The ordeal started on Nov. 20 when a court officer spotted Emma Coronel Aispuro using a cellphone in the courthouse, which she was not allowed to do. The U.S. Marshals Service then informed the court of the incident and added that they have observed her bringing four other cellphones into the courtroom and actively using them during the trial, according to the judge’s order.

In sidebar, Colon Miro explained that another defense attorney, Michael Lambert, gave El Chapo’s wife his phone to use Google Translate in the cafeteria, the judge’s order said.

The government then reviewed security footage from the courthouse and found that El Chapo’s wife had used a cellphone in the courthouse on Nov. 19 when she was alone, without defense attorneys nearby. Their explanations did not appease judge Cogan due to their inconsistencies.

“Defense counsel may not have any knowledge of how Ms. Coronel obtained a cellphone or why she was using it on Nov. 19th and 20th, 2018,” Cogan wrote. “But if that were true, the court does not understand why defense counsel did not just say so, and their omissions reflect poorly on them.

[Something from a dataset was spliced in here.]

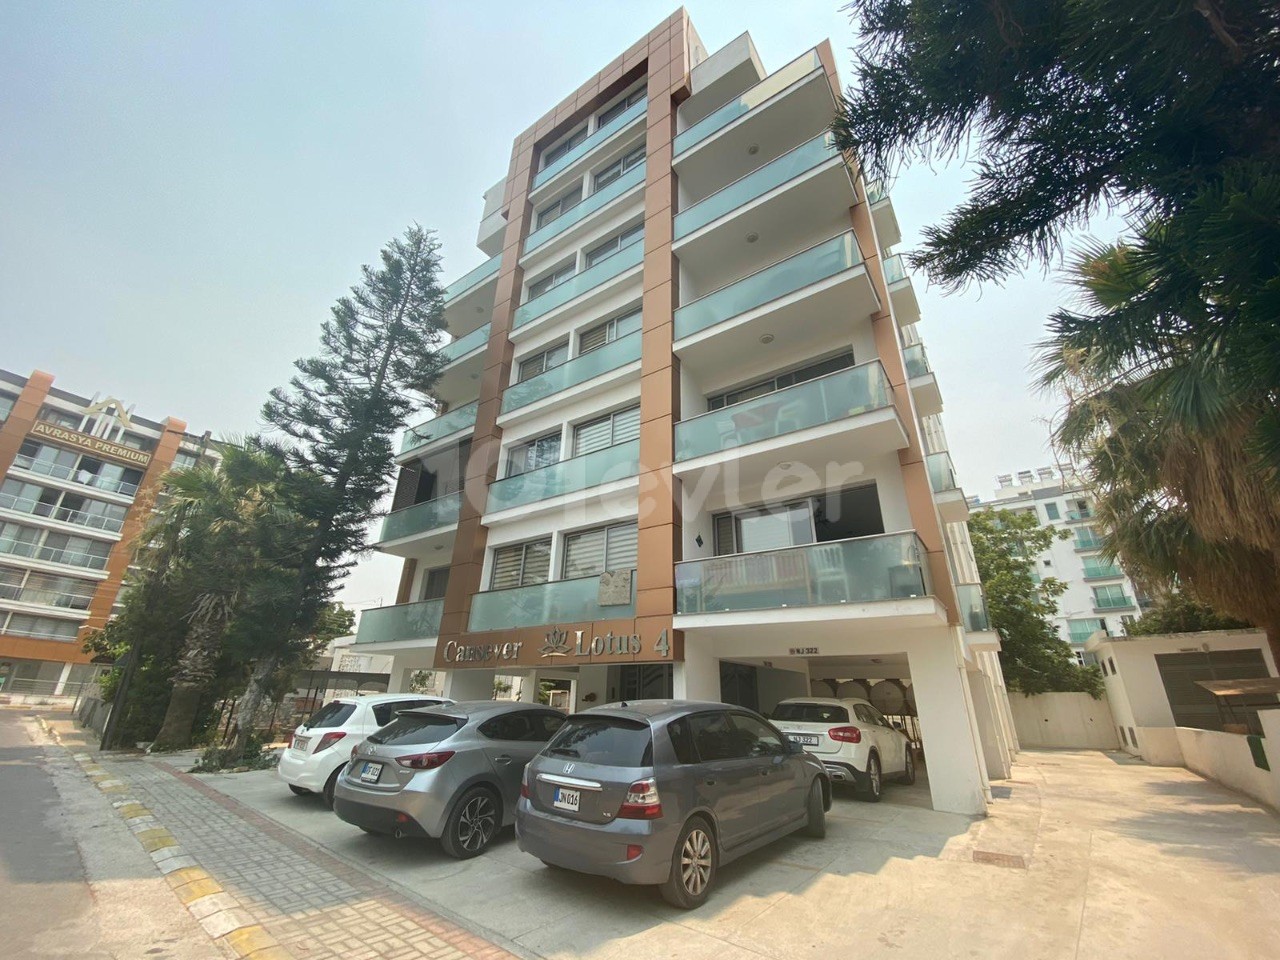 PANORAMİC VİEW OF KYRENİA , OUR WONDERFUL PETHOUSE APARTMENT İS NOW ON SALE.

Their failure to appreciate the seriousness of this issue is naïve at best.”

While Colon Miro may not bring a cellphone into the courthouse again, no actions were taken against El Chapo’s wife as prosecutors were forced to modify their original motion due to lack of evidence that she was contacting Guzman as prosecutors initially alleged.

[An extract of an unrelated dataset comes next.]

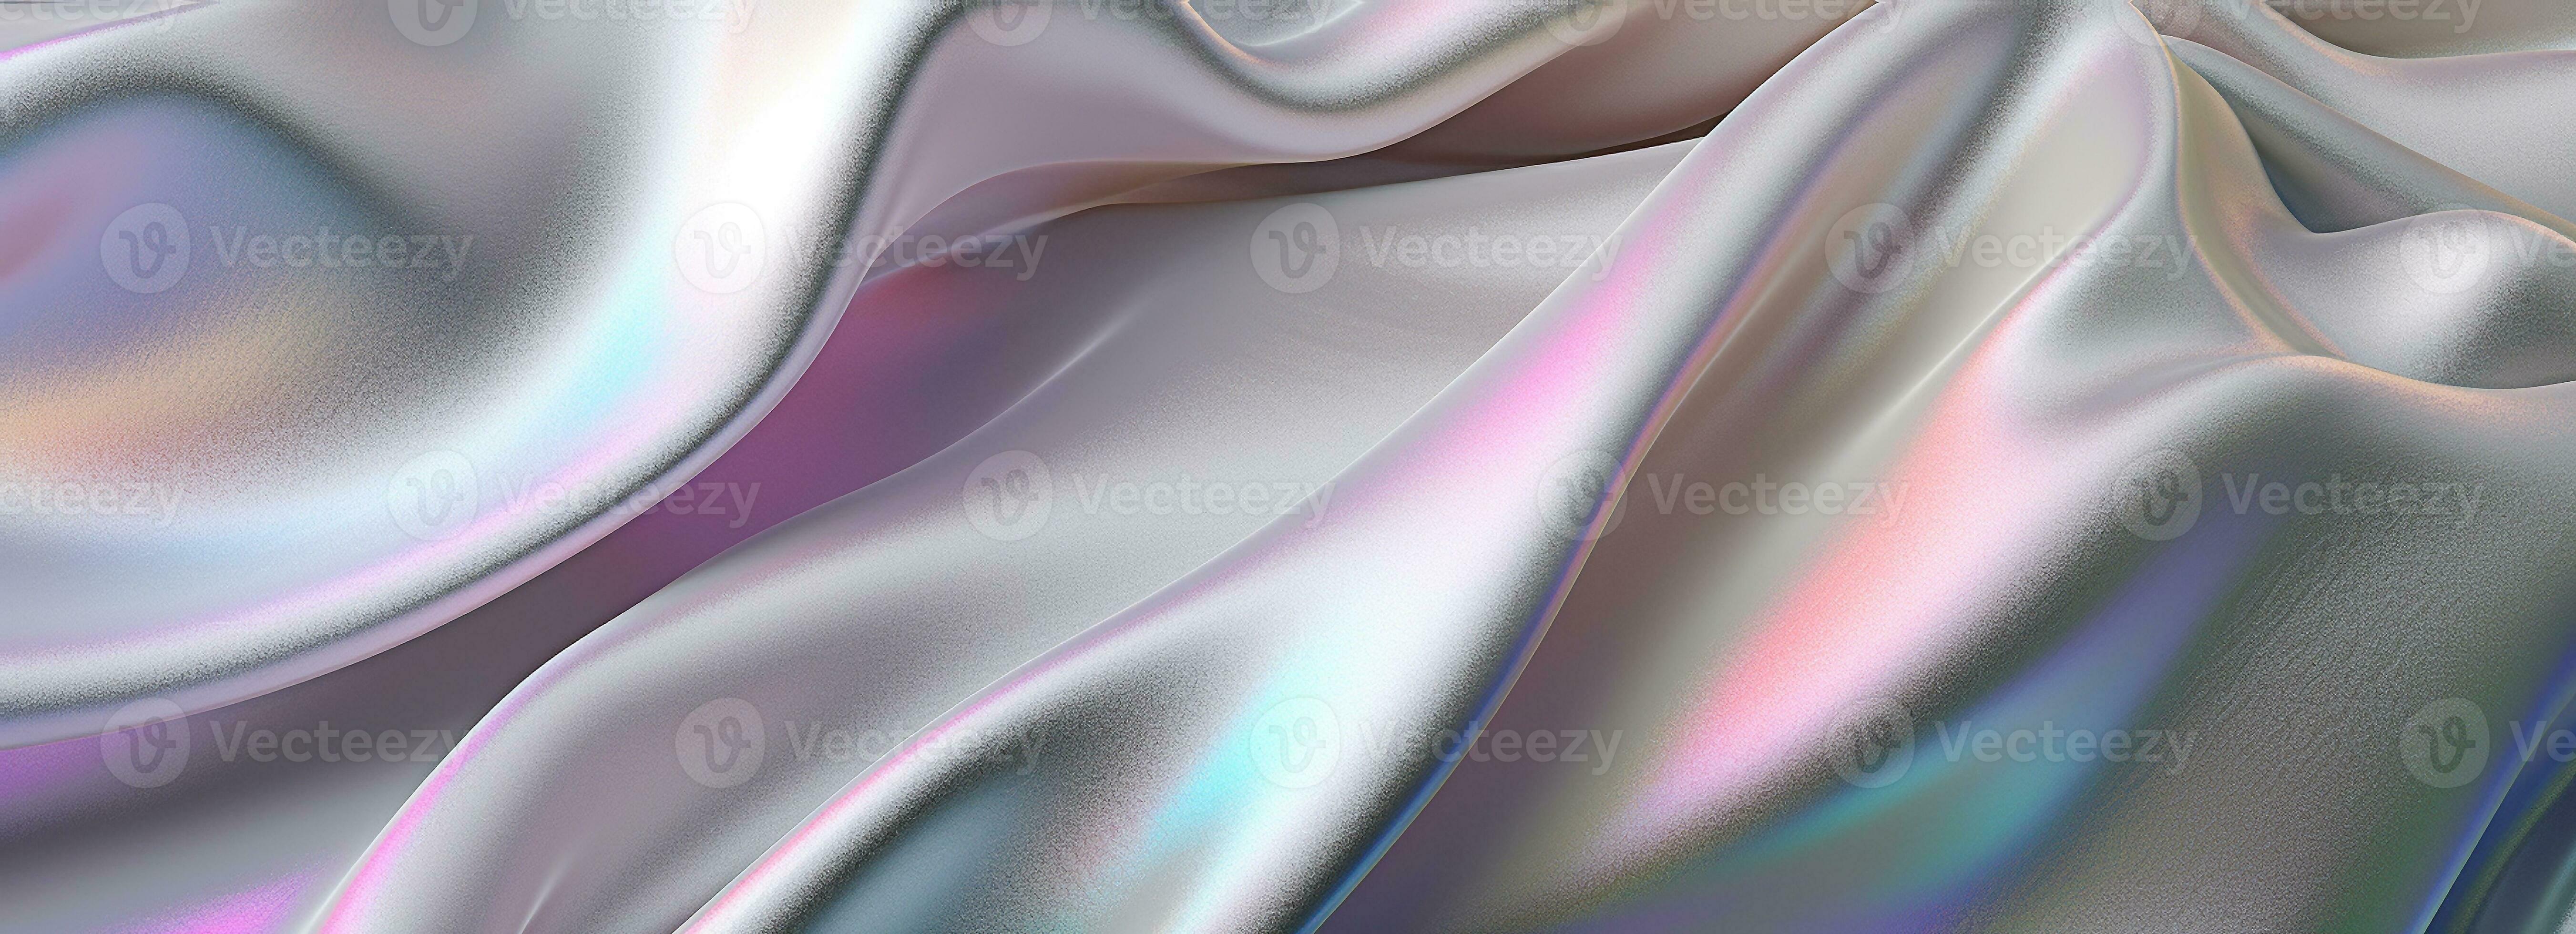 A close up of some fabric - Silk

The trial for the alleged drug kingpin is in its second month. Due to the high profile of the case, extra security measures have been in place throughout the trial. Magnetometers have been placed immediately outside the courtroom, people are banned from bringing electronics inside, and precautions have been taken to ensure the anonymity of the jurors and even some testifying witnesses.

Guzman is the alleged former head of the Sinaloa drug cartel. He’s been charged with using violence and intimidation to export thousands of pounds worth of drugs into the U.S. including in the Eastern District of New York where he is being tried. As part of the extradition agreement with Mexico, U.S. prosecutors cannot seek the death penalty.